#### Information provided
------------------------

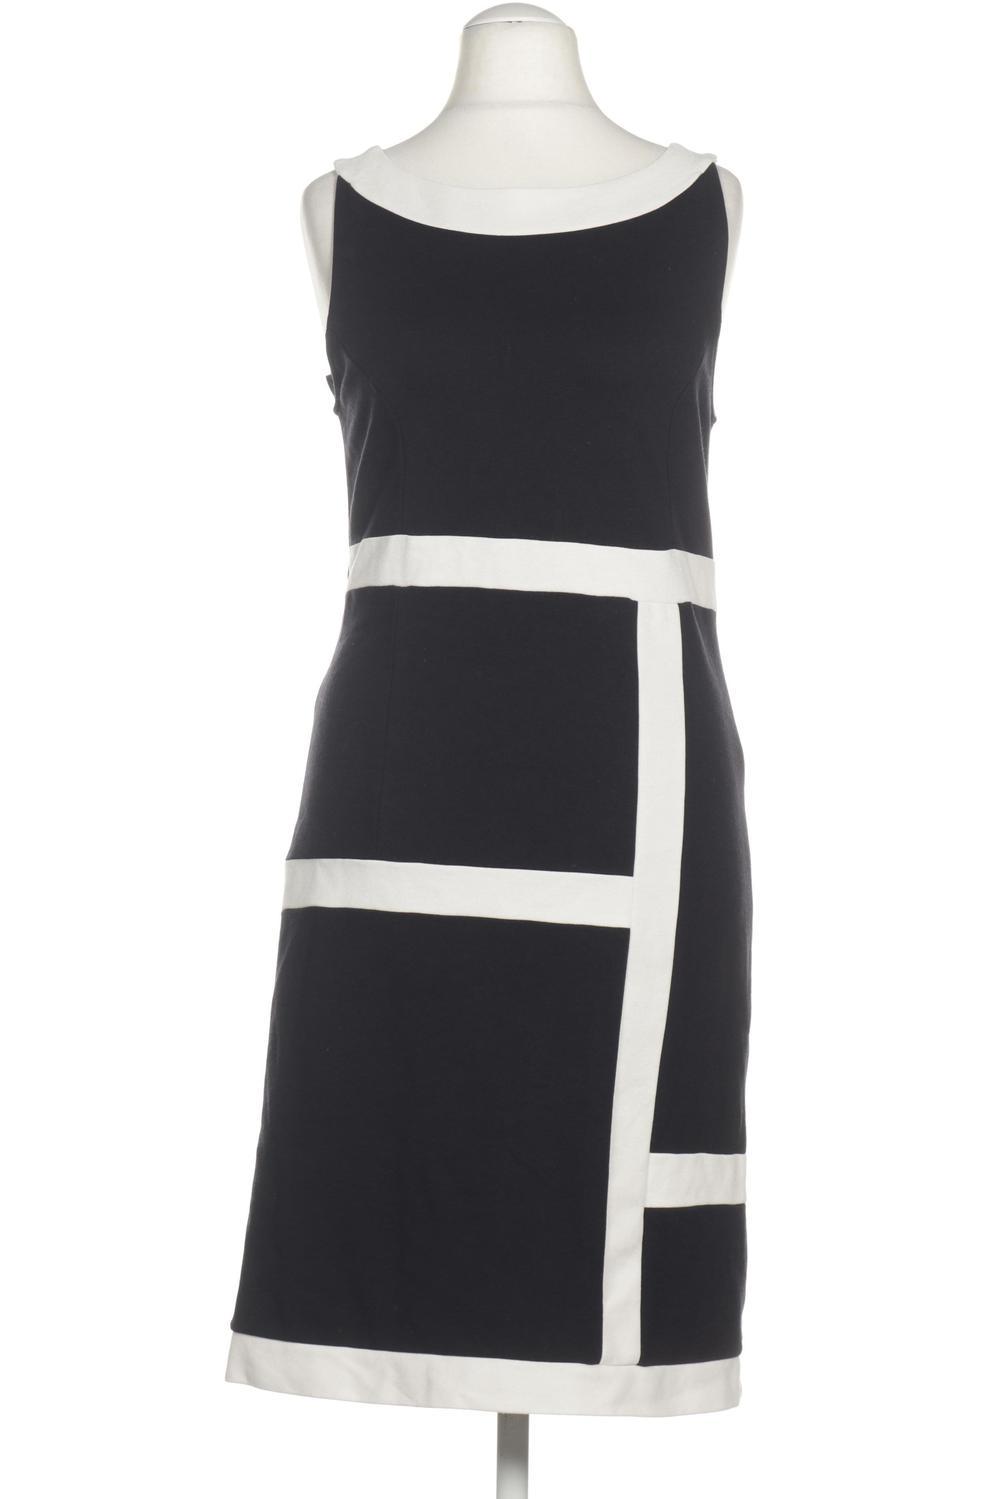 Details zu Comma Kleid Damen Dress Damenkleid Gr. DE 166 Elasthan Viskose  blau #166e166cb16
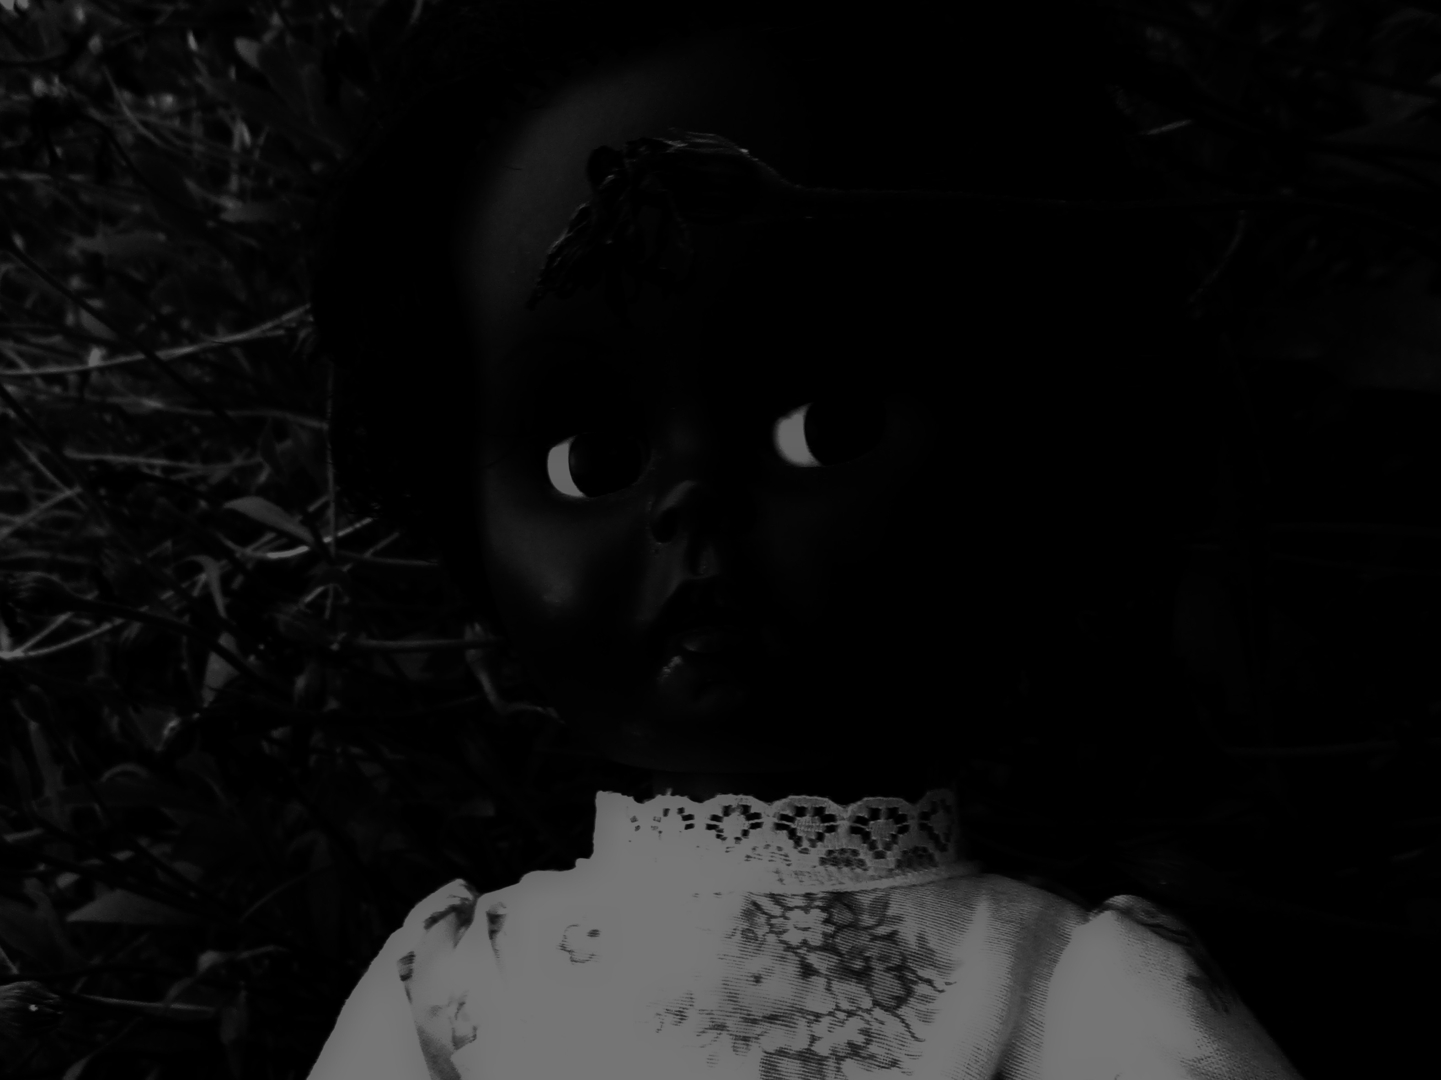 doll 2 image
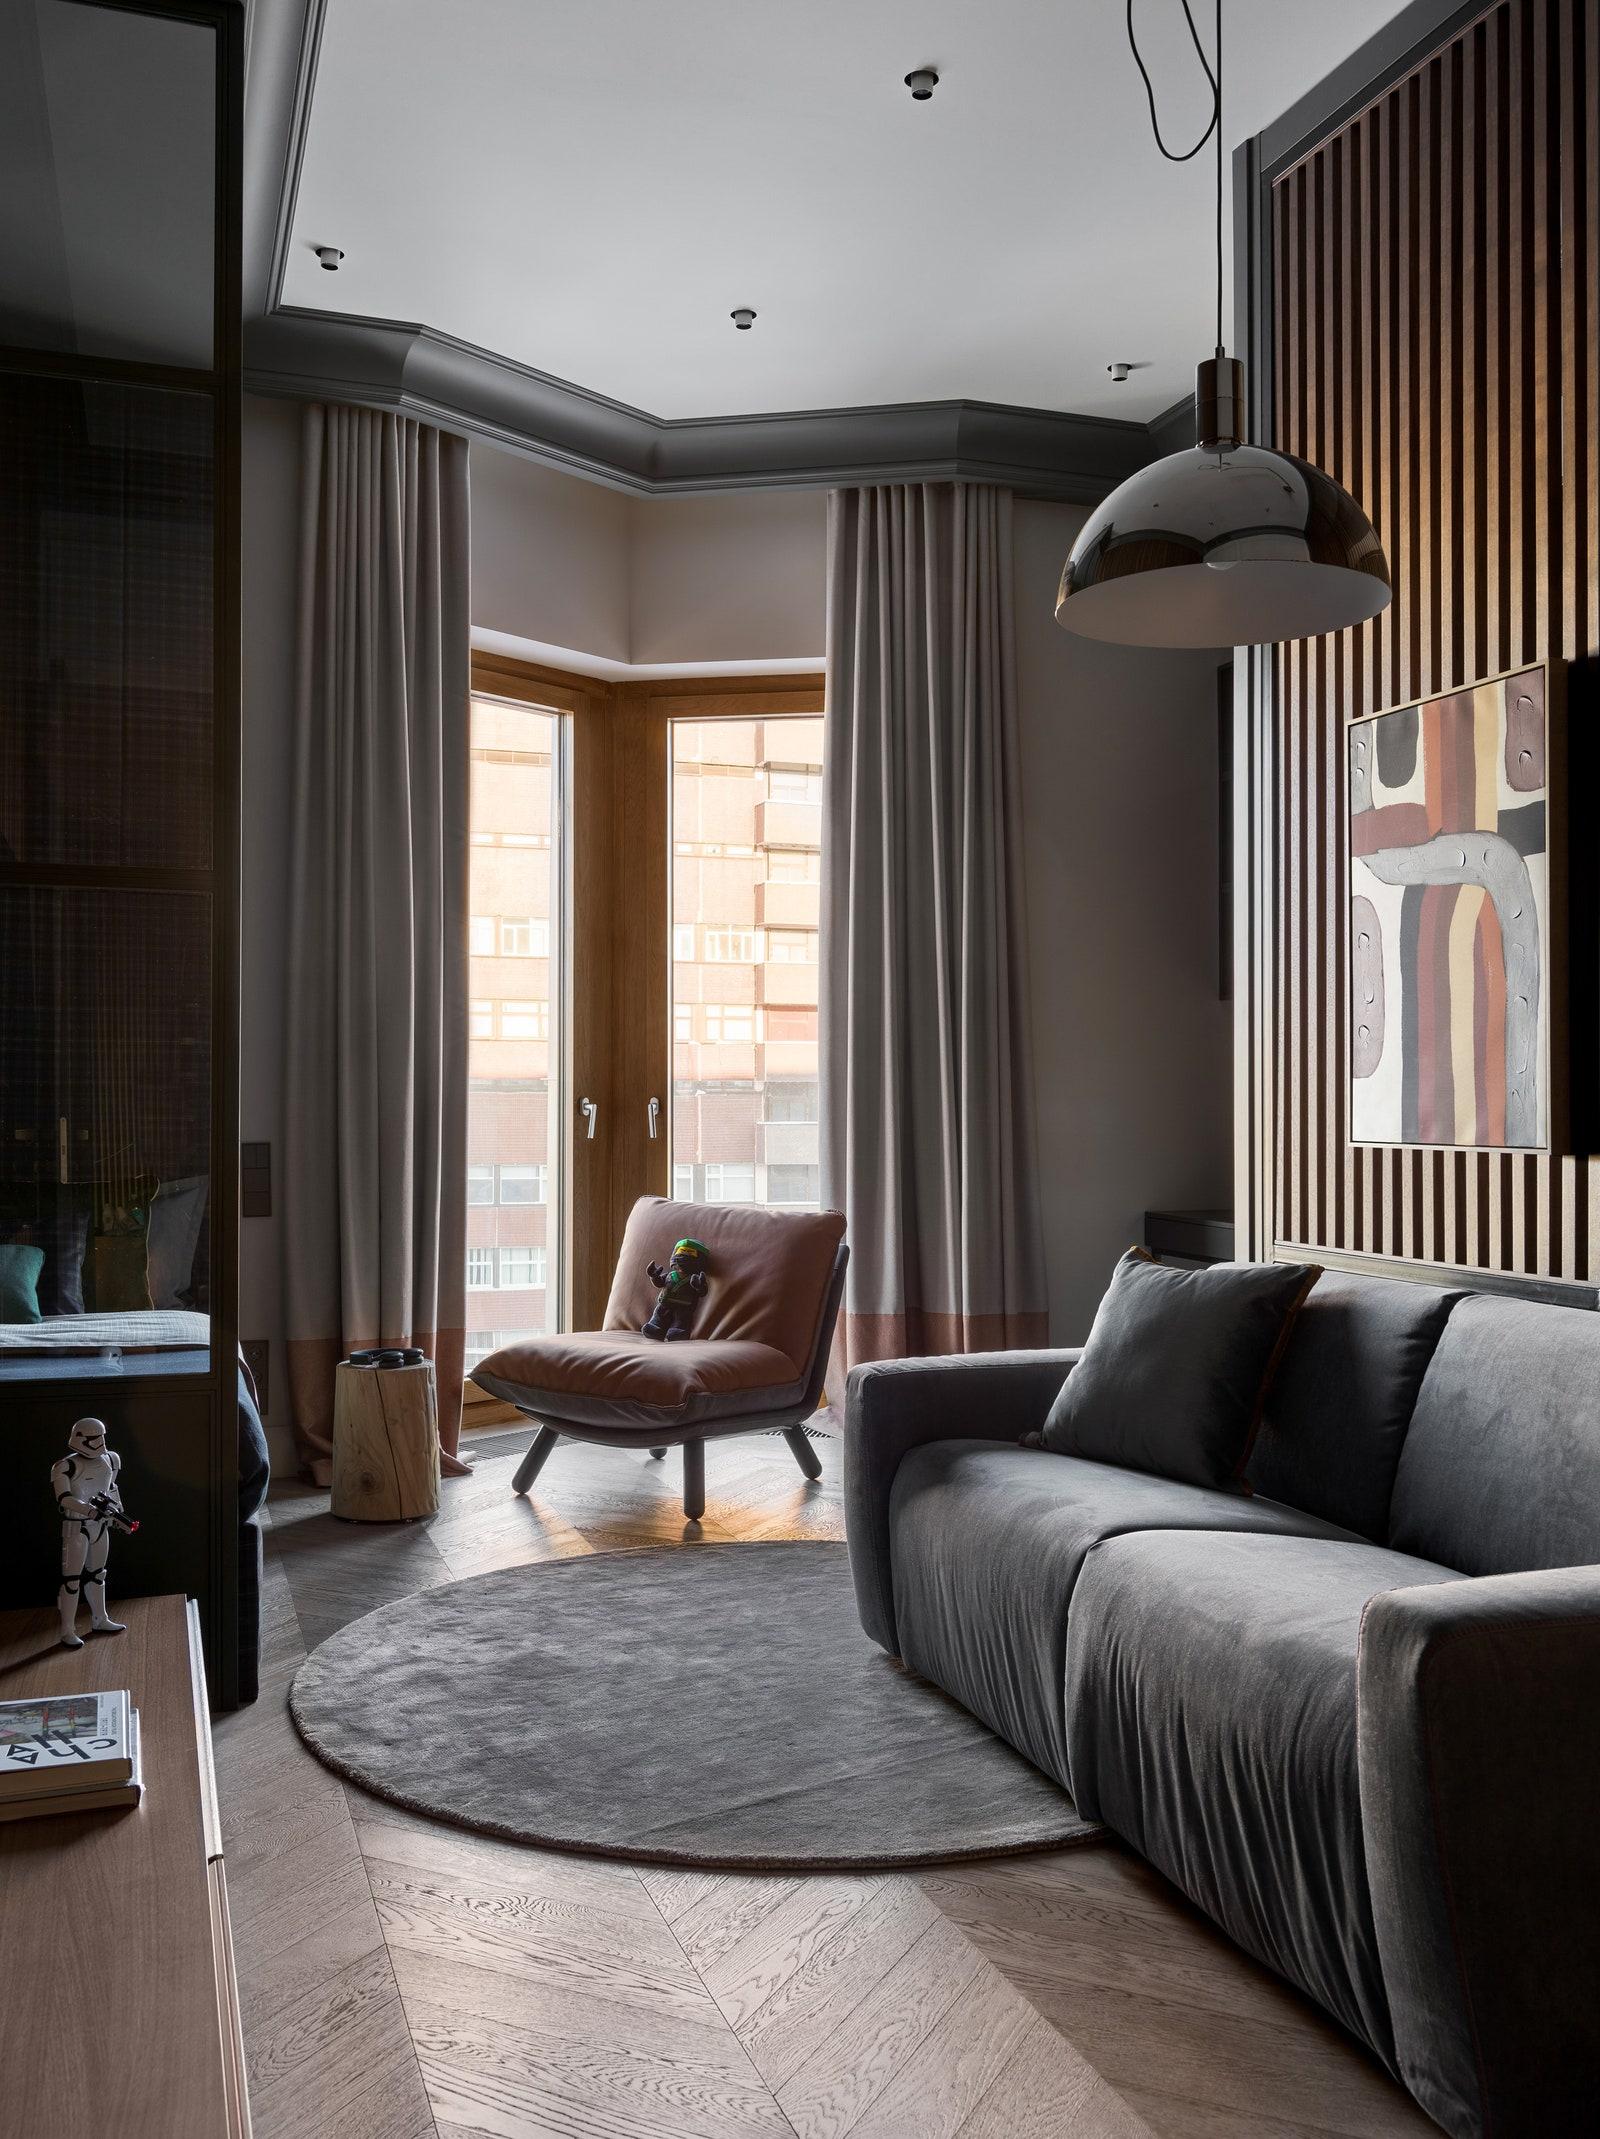 LL Brown  Tyson Felis    BoConcept   Legno Vivo           Nemo  Scanddyy  Barcelona Design  Enere  Moonstores  Barcelona...

------------------------

#### Task brief
Reproduce exactly the lines above from the one with "doll 2 image" through the last line of the data, keeping both ends and dropping the pictures.

#### Answer to the problem
 doll 2 image
 LL Brown  Tyson Felis    BoConcept   Legno Vivo           Nemo  Scanddyy  Barcelona Design  Enere  Moonstores  Barcelona...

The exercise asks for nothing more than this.